Retirement plan-pension-report

Financial planning will come to the fore as a major Government review this week recommended speeding up increases in the state pension age, advisers predict.

The hotly-awaited Government-commissioned review by former Confederation of British Industry director general John Cridland into the state pension age recommends that it needs to increase from 67 to 68 between 2037 and 2039 – seven years ahead of schedule.

The review also recommends dropping the state pension triple lock in the next Parliament, while an analysis by the Government Actuary’s Department suggests the state pension age will need to rise to 70 if workers still want to spend around a third of their lives in retirement.

The dangers of consumers running out of money will become more pronounced as the gap between private and state pension ages widens, but advisers are seeing this as an opportunity for show the value of planning strategies.

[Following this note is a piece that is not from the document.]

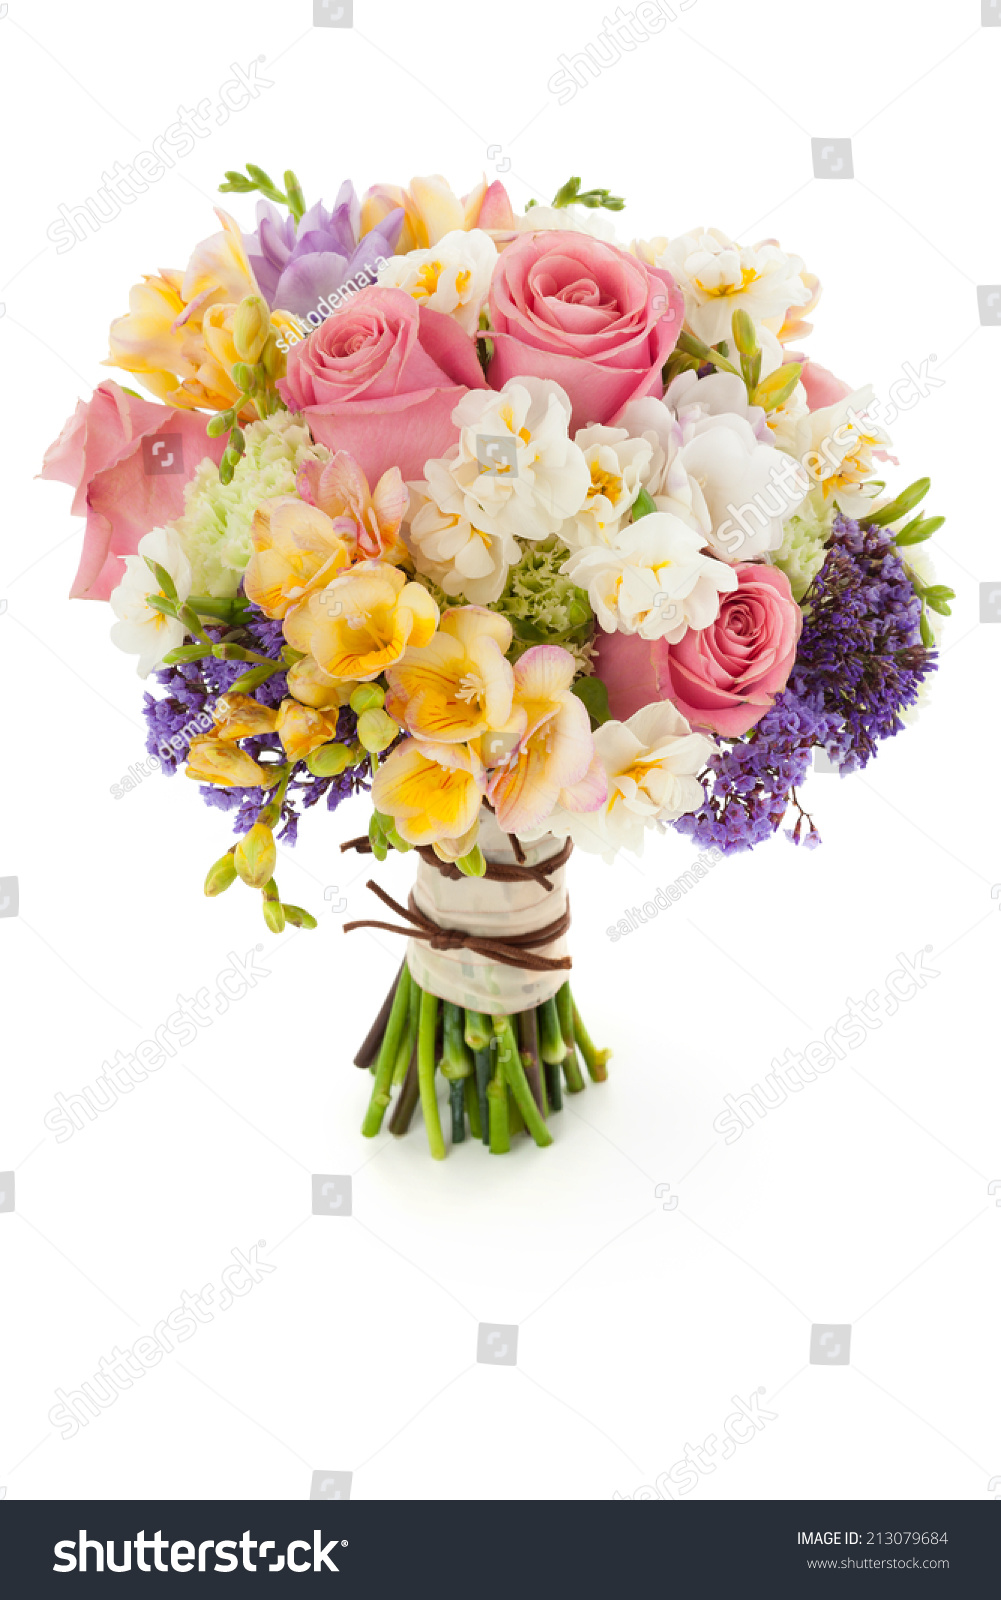 Pastel colors wedding bouquet made of Roses, Freesia, Carnation and Limonium flowers isolated on white. #213079684

First Wealth partner Claire Phillips says that a combination of cashflow modelling and aims and objectives analysis can help advisers toe the line between excessive withdrawals and unnecessary frugality.

Phillips says: “When we meet clients we start off with where they are now, what they’ve got, or haven’t got as the case may be, and talk to them about what they want to achieve in the future, rather than just saying ‘you have got X, you can get Y’.”

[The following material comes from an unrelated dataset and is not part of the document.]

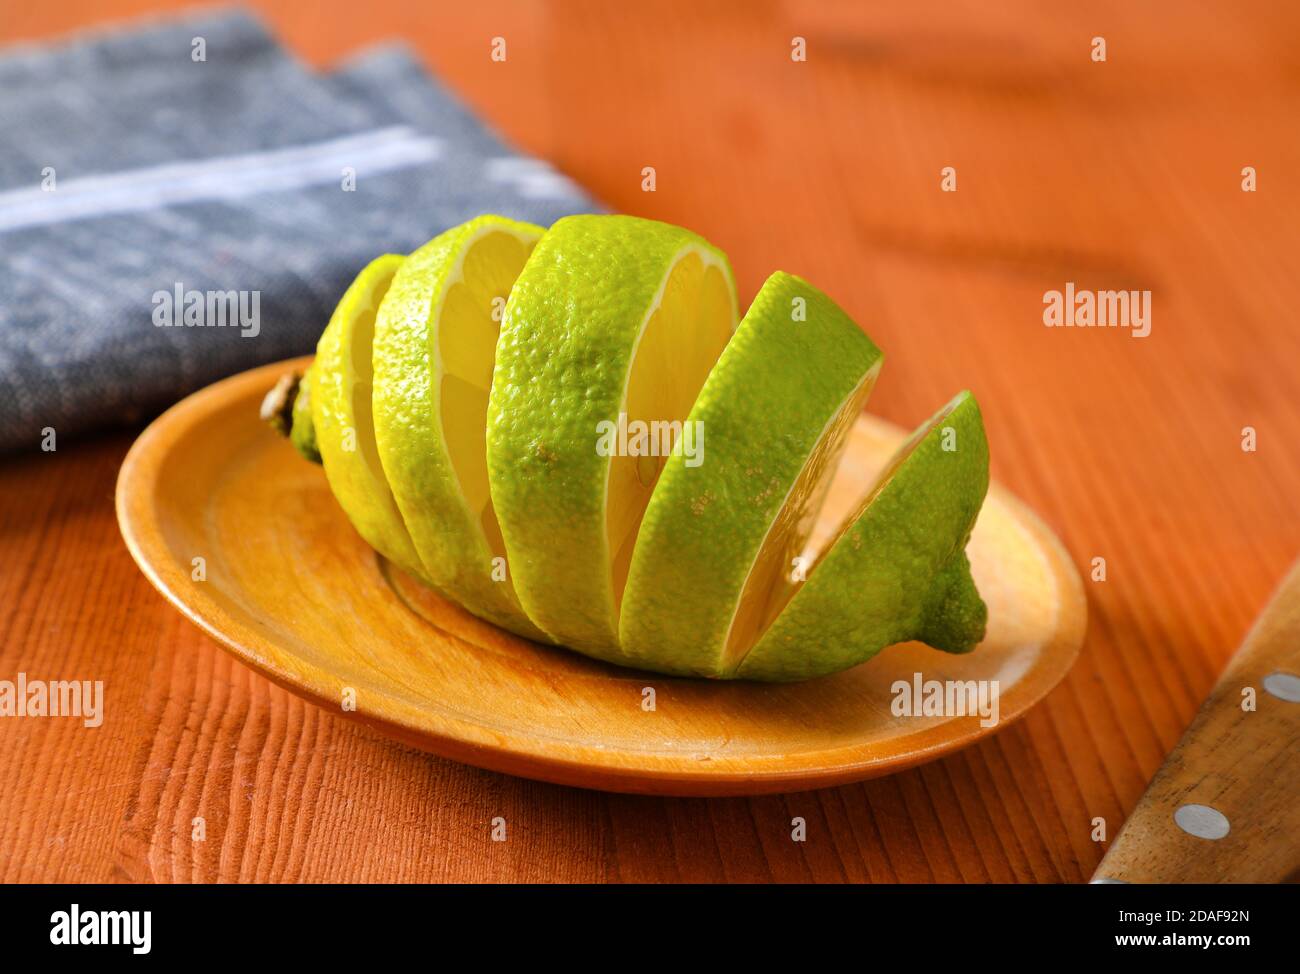 Lemon with green peel and yellow flesh, sliced on wooden plate Stock Photo

“Once you have done that we do crunch the numbers behind the scenes; if you do this, you will be able to crochet to your heart’s content, or go around the world for five years, whatever they want to do when they retire.”

“We are also helping people to take responsibility for their own decisions. People don’t realise how much money they need to maintain the lifestyles they’re used to.”

She also sounds a sceptical note on the recommendation of a Centre for Policy Studies paper this week which argued that pensioners should be placed into “auto-drawdown” from private pension age before being “auto-annuitised” at age 80.

Conusmers would take between 4 and 6 per cent of their pot a year under auto-drawdown unless they chose to opt out.

Phillips says: “If you have other sources of capital to last a lifetime, and you’re thinking about inheritance tax and got kids, why are you thinking about touching the pension?”

Start young

Cervello Financial Planning IFA Richard Earl says that providing cashflow forecasts at an early stage and setting up regular savings plans will help younger people prepare for the increases in state pension age.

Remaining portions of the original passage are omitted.